→ Task requirements
The copy should hold only the line containing "5.79 Cal 650 7.99 680-1220" and the lines after it through the end of the material, each exact, with no pictures.
------ Provided data
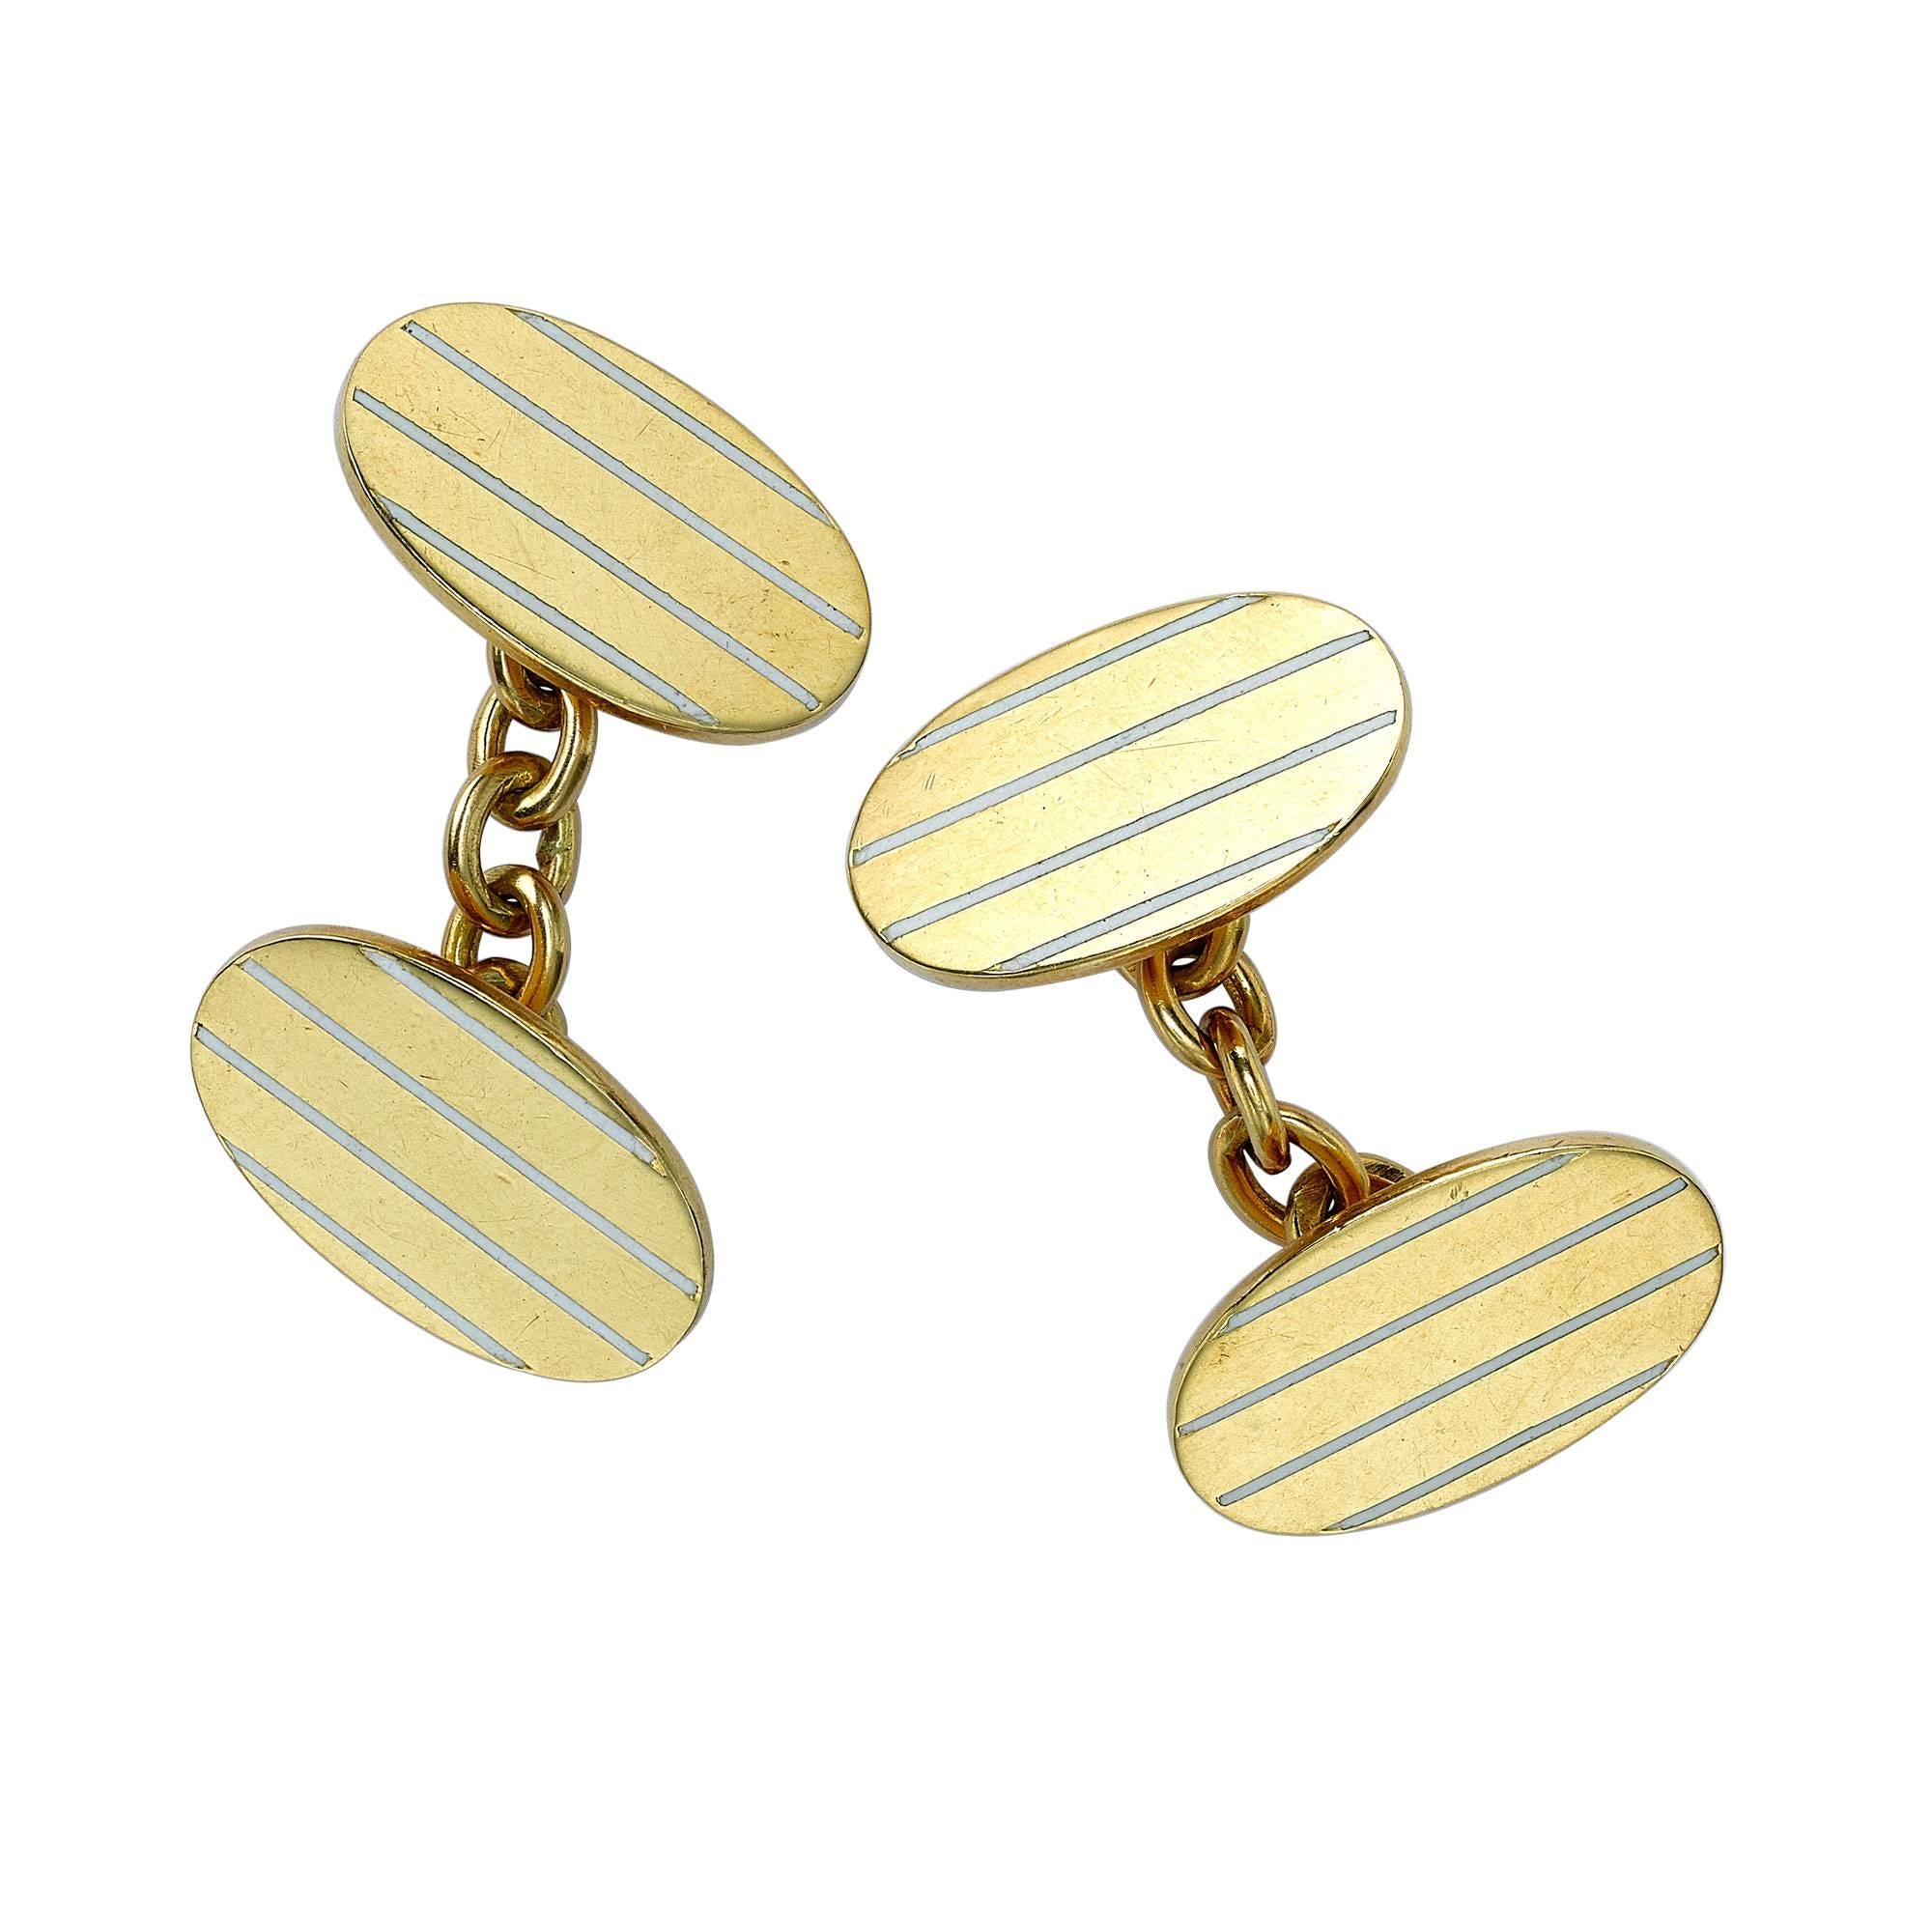 Pair of Yellow Gold Cufflinks For Sale
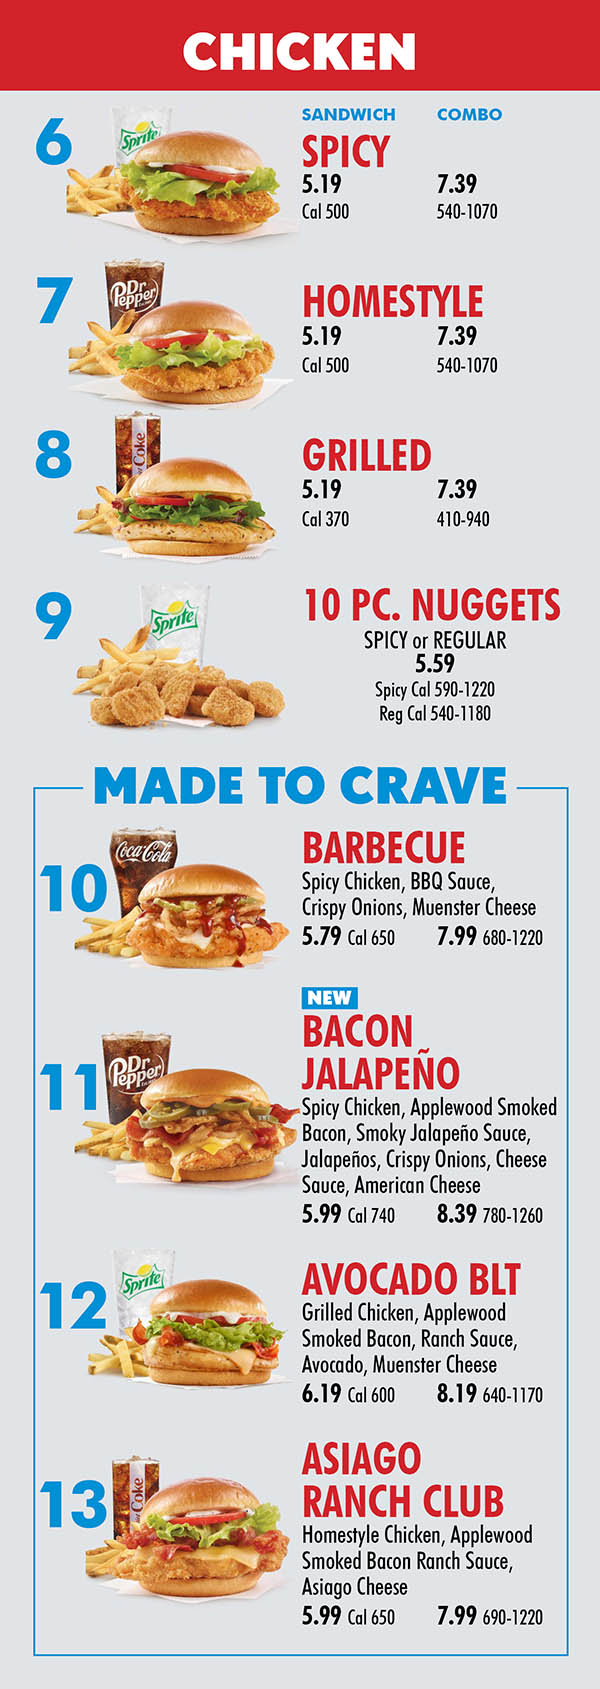 Wendy's N 84th St Lincoln NE Menu Page 2
CHICKEN
6
MADE TO CRAVE
10
11
12
7
8
SANDWICH COMBO
SPICY
5.19 7.39
Cal 500 540-1070
HOMESTYLE
5.19 7.39
Cal 500 540-1070
GRILLED
5.19 7.39
Cal 370 410-940
10 PC. NUGGETS
SPICY or REGULAR
5.59
Spicy Cal 590-1220
Reg Cal 540-1180
BARBECUE
Spicy Chicken, BBQ Sauce,
Crispy Onions, Muenster Cheese
5.79 Cal 650 7.99 680-1220
BACON
JALAPEÑO
Spicy Chicken, Applewood Smoked Bacon, Smoky Jalapeño Sauce, Jalapeños, Crispy Onions, Cheese Sauce, American Cheese
5.99 Cal 740 8.39 780-1260
AVOCADO BLT
Grilled Chicken, Applewood
Smoked Bacon, Ranch Sauce,
Avocado, Muenster Cheese
6.19 Cal 600 8.19 640-1170
ASIAGO
RANCH CLUB
Homestyle Chicken, Applewood
Smoked Bacon Ranch Sauce,
Asiago Cheese
5.99 Cal 650 7.99 690-1220
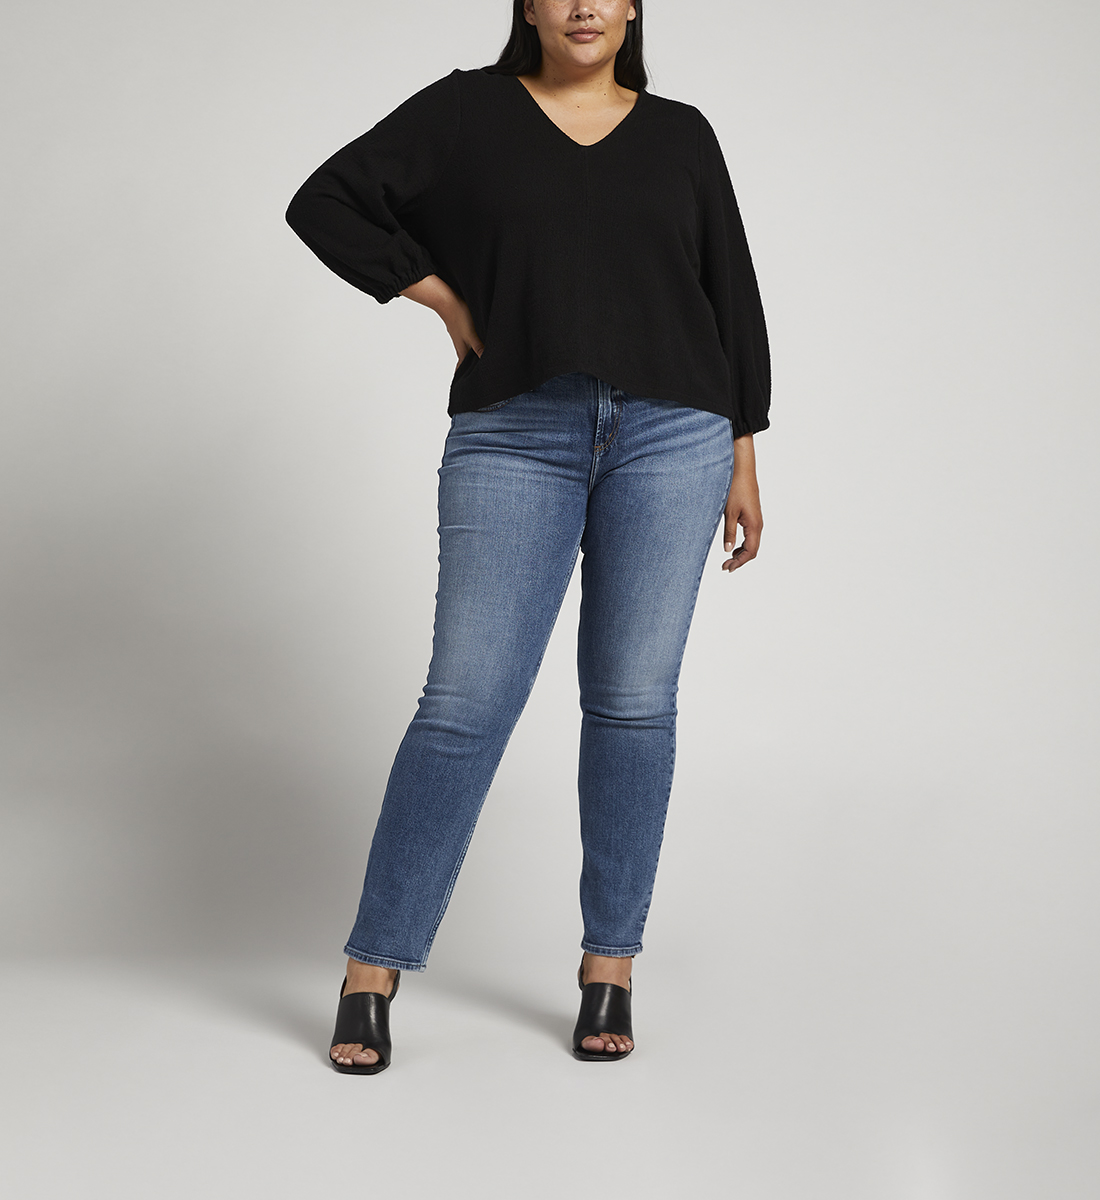 Silver Jeans Most Wanted Mid Rise Straight Leg Jeans Plus Size
------------
→ Reply to the exercise
5.79 Cal 650 7.99 680-1220
BACON
JALAPEÑO
Spicy Chicken, Applewood Smoked Bacon, Smoky Jalapeño Sauce, Jalapeños, Crispy Onions, Cheese Sauce, American Cheese
5.99 Cal 740 8.39 780-1260
AVOCADO BLT
Grilled Chicken, Applewood
Smoked Bacon, Ranch Sauce,
Avocado, Muenster Cheese
6.19 Cal 600 8.19 640-1170
ASIAGO
RANCH CLUB
Homestyle Chicken, Applewood
Smoked Bacon Ranch Sauce,
Asiago Cheese
5.99 Cal 650 7.99 690-1220
 Silver Jeans Most Wanted Mid Rise Straight Leg Jeans Plus Size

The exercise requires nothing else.